Mientras se traducían al chino, al yiddish o al esperanto algunas de las obras de Kropotkin y se imprimían a miles sus libelos en España, el fondo documental del autor desaparecía, poco a poco, de la escena pública

La paradoja era visible: mientras se traducían al chino, al yiddish o al esperanto algunas de las obras de Kropotkin y se imprimían a miles sus libelos en España, el fondo documental del autor desaparecía, poco a poco, de la escena pública. En los años 30, el movimiento obrero internacional miraba para otro lado; una nueva generación tenía que hacer frente al ascenso del fascismo y al de los totalitarismos.

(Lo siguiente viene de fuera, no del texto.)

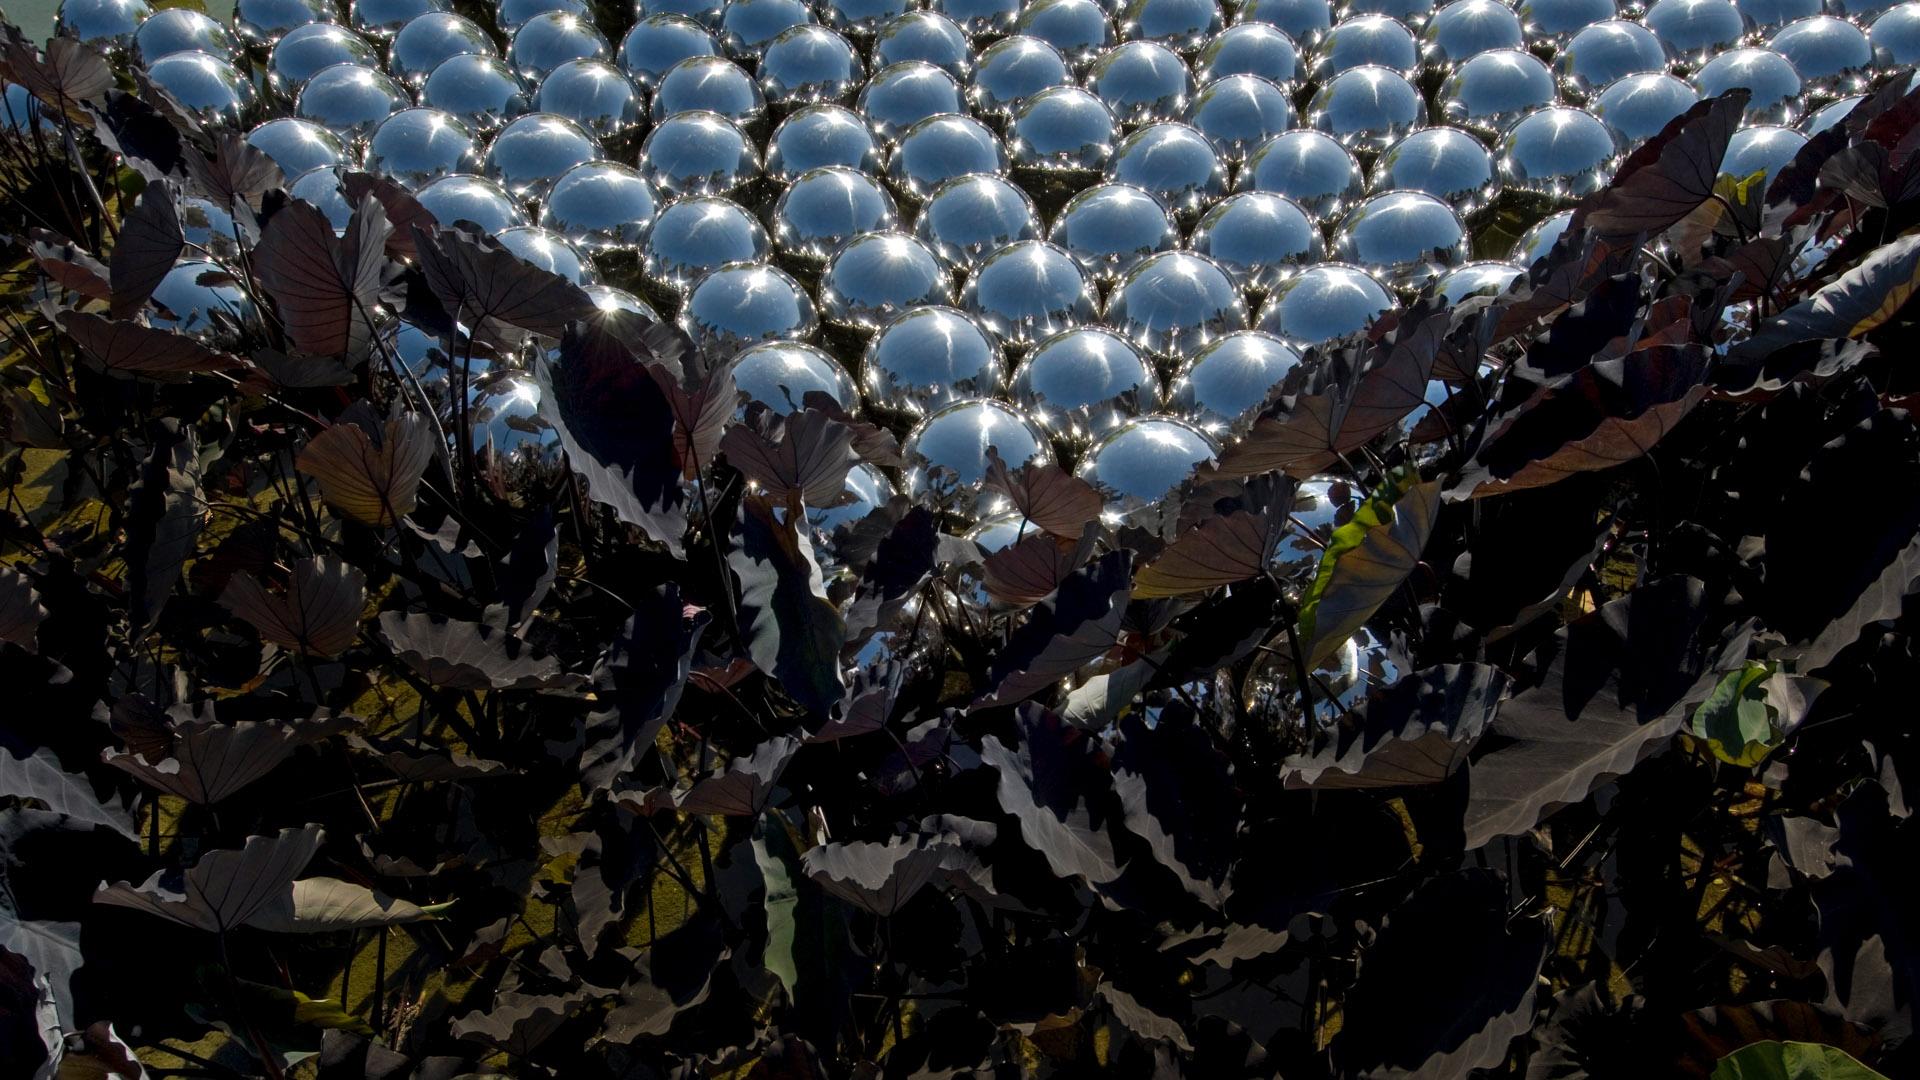 Obra Narcissus Garden Inhotim, 2009,  de Yayoi Kusama. Acervo de arte contemporânea do Inhotim
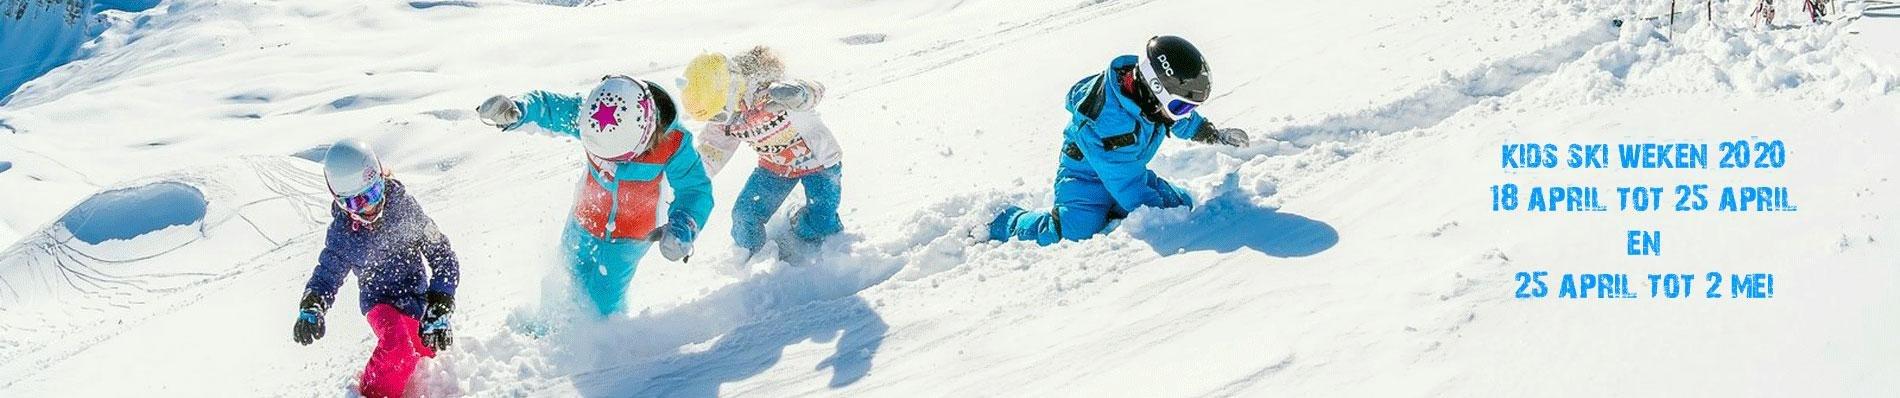 kids ski weken het Frankrijk huis tignes

Muchas de las colaboradoras del museo habían muerto o estaban en los años finales de sus vidas.

El antiguo museo acoge desde los años 80 del pasado siglo la embajada de la Organización para la Liberación de Palestina en Rusia

En 1939, en la antesala de la catarsis bélica, el Museo Kropotkin cerraba sus puertas definitivamente y la mayor parte de su enorme legado se guardaba en cajas. Durante la contienda mundial, los fondos documentales se transfirieron al Museo de la Revolución, también en Moscú, donde permanecieron mucho tiempo. En la actualidad, parte de ese archivo se puede consultar en diversas instituciones rusas, mientras que otra parte de su contenido desapareció para siempre. El antiguo museo acoge desde los años 80 del pasado siglo la embajada de la Organización para la Liberación de Palestina en Rusia. Kropotkin y su obra se diluyeron durante mucho tiempo en su Rusia natal.